И. Ш. Попробую пояснить свое понимание еще одним примером. В 1980-е годы в Западной Германии издавался (и, кажется, выходит до сих пор) хороший, патриотический журнал «Вече». Издавал его ныне покойный О. А. Красовский, на свои личные деньги, своими трудами. А потом я узнал, что он — из власовцев, и мне очень интересно было понять психологию вот такого «самого положительного власовца». Под конец жизни Красовский стал публиковать в своем журнале воспоминания — и я надеялся найти там ответ на свой вопрос. Но он все рассказывал о своей жизни после конца войны. И только один раз обмолвился, что его опыт привел его к выводу, что «против Сталина он пойдет хоть с чертом». Но ведь «идти с чертом» на традиционном языке значит — «продать душу дьяволу». Так можно ли продавать душу дьяволу ради борьбы со Сталиным (или с чем бы то ни было)? Вот это, мне кажется, и есть проблема «лучших власовцев» и шире — «лучших антикоммунистов». А руководители движения несут гораздо большую ответственность, они ведь несомненно знали о том, что писали Гитлер и Розенберг о политике в отношении славян, знали о плане «Ост».

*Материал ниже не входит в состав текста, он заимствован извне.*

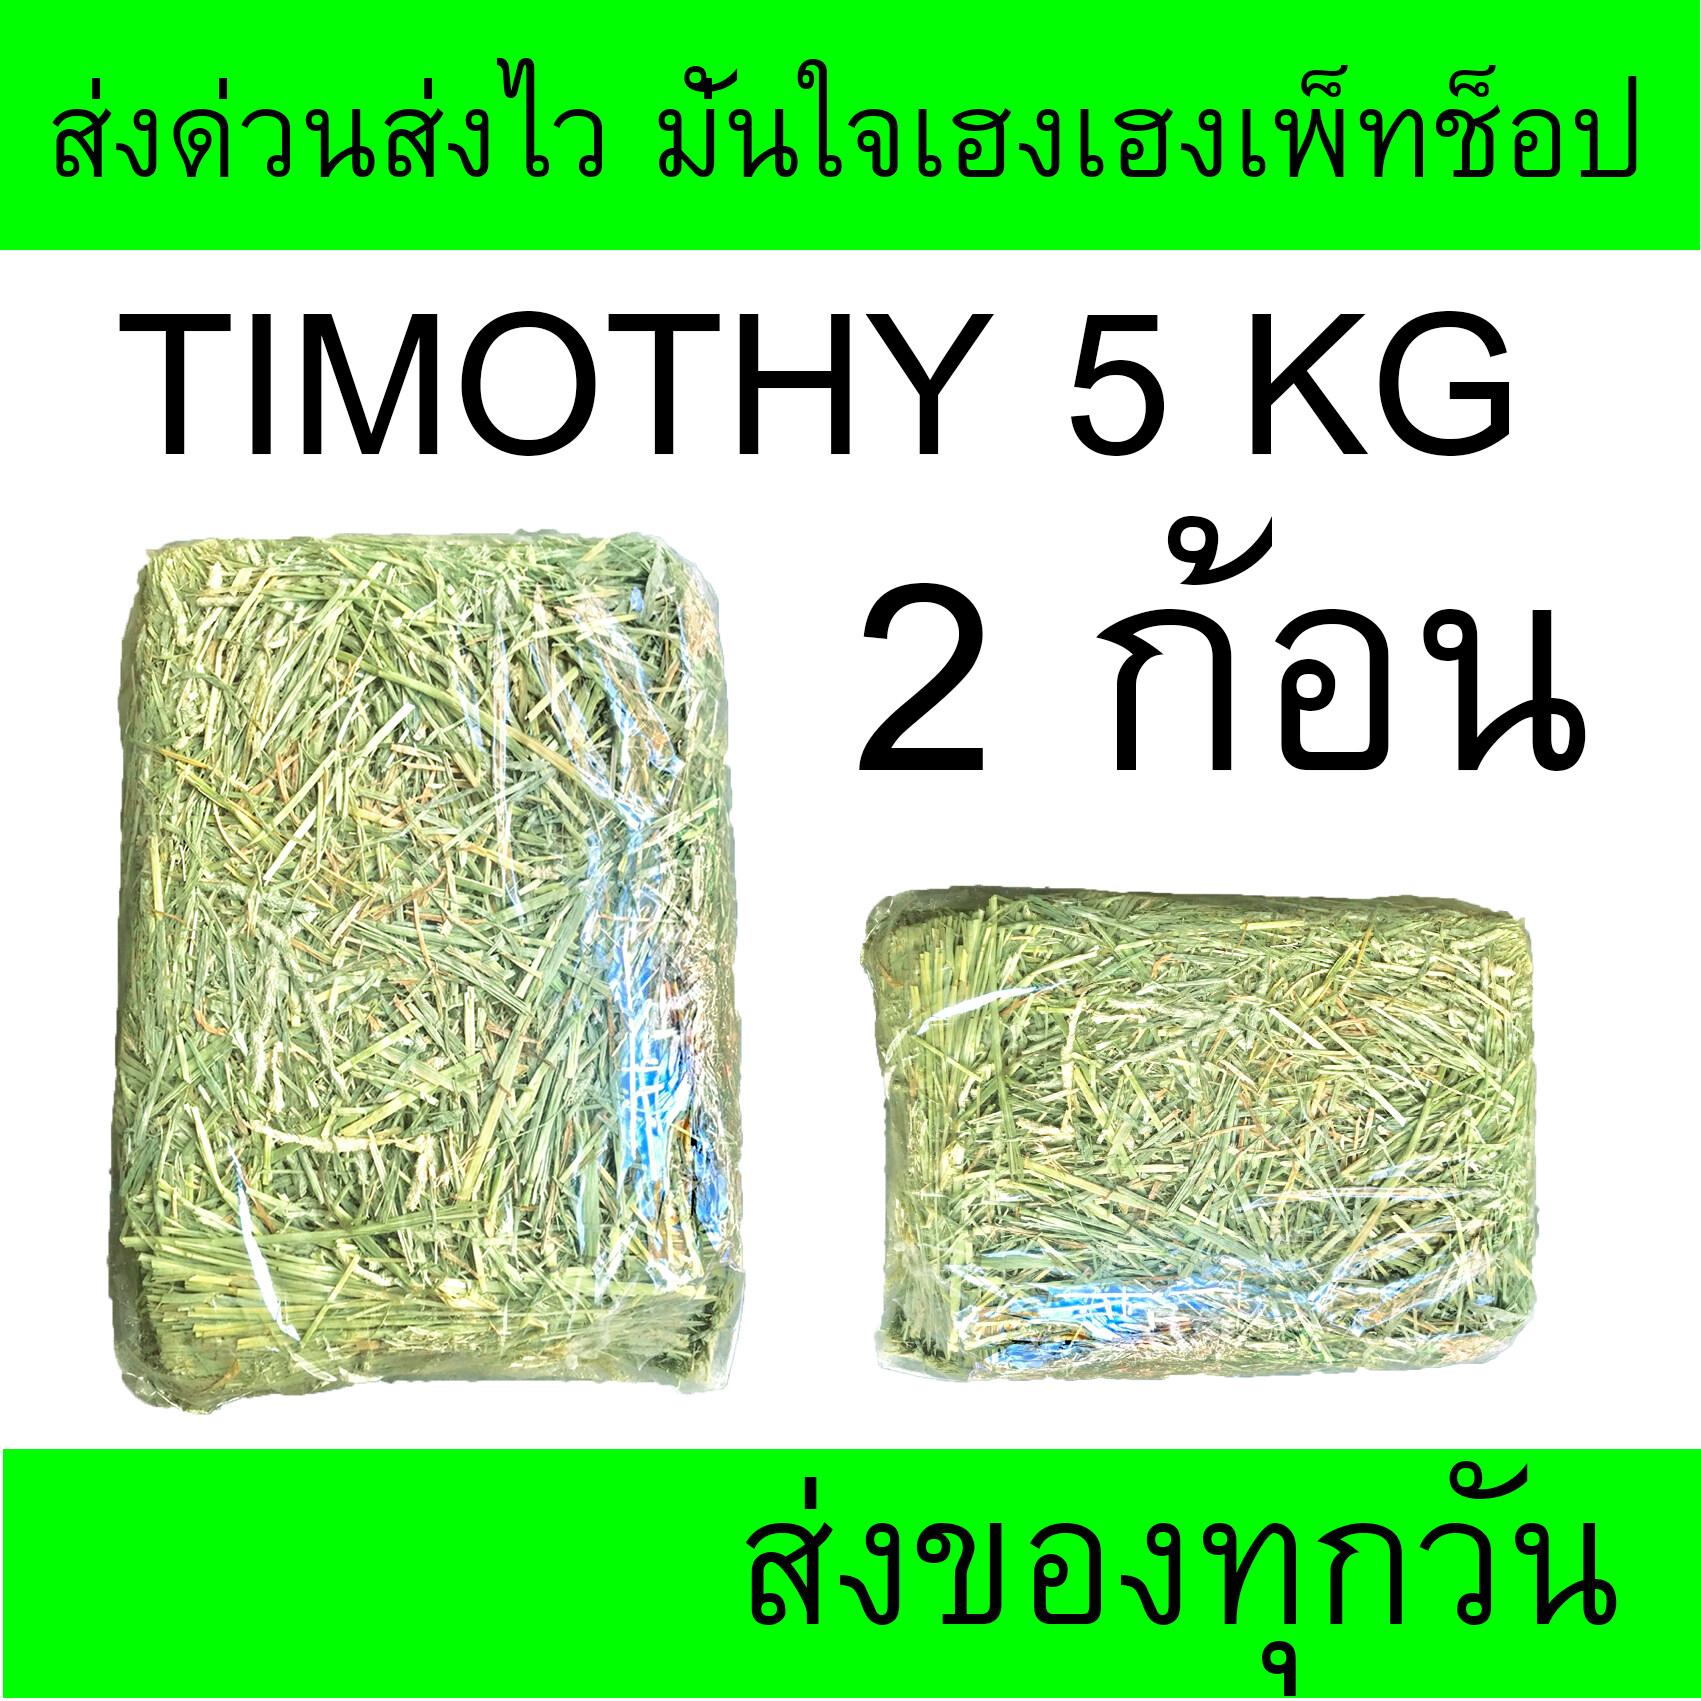 หญ้ากระต่ายโตทิมโมธี แพ๊คคู่ ขนาด5kg 2ก้อน คุ้มกว่าประหยัดกว่า.

Если признать существование «героев по ту сторону фронта», то надо отказаться и от претензий к позиции Ленина и его группы во время войны. Ведь они, по крайней мере, не стреляли в русских солдат, а только способствовали развалу армии и страны на деньги, полученные от немцев. Почему сомневаться, что Ленин считал тогдашний строй в России чудовищным, что был искренним, призывая «положить конец с ужасом — ужасу без конца»? Ведь с начала XX века русская деревня кипела бунтами (с 1902 года). А при усмирениях шли в ход и порка, и расстрелы. Как разошлось восприятие жизни народа и образованного слоя, показало то, что в 1918 году в одну ночь соседними крестьянами были сожжены Михайловское, Трехгорское и Покровское (имение Ганнибалов). Жгли с плясками, песнями, как праздник — не ради грабежа. То есть две части русского народа перестали понимать друг друга. Можно было искренне считать, что для искоренения накопившегося зла стоит расплатиться и целостью страны.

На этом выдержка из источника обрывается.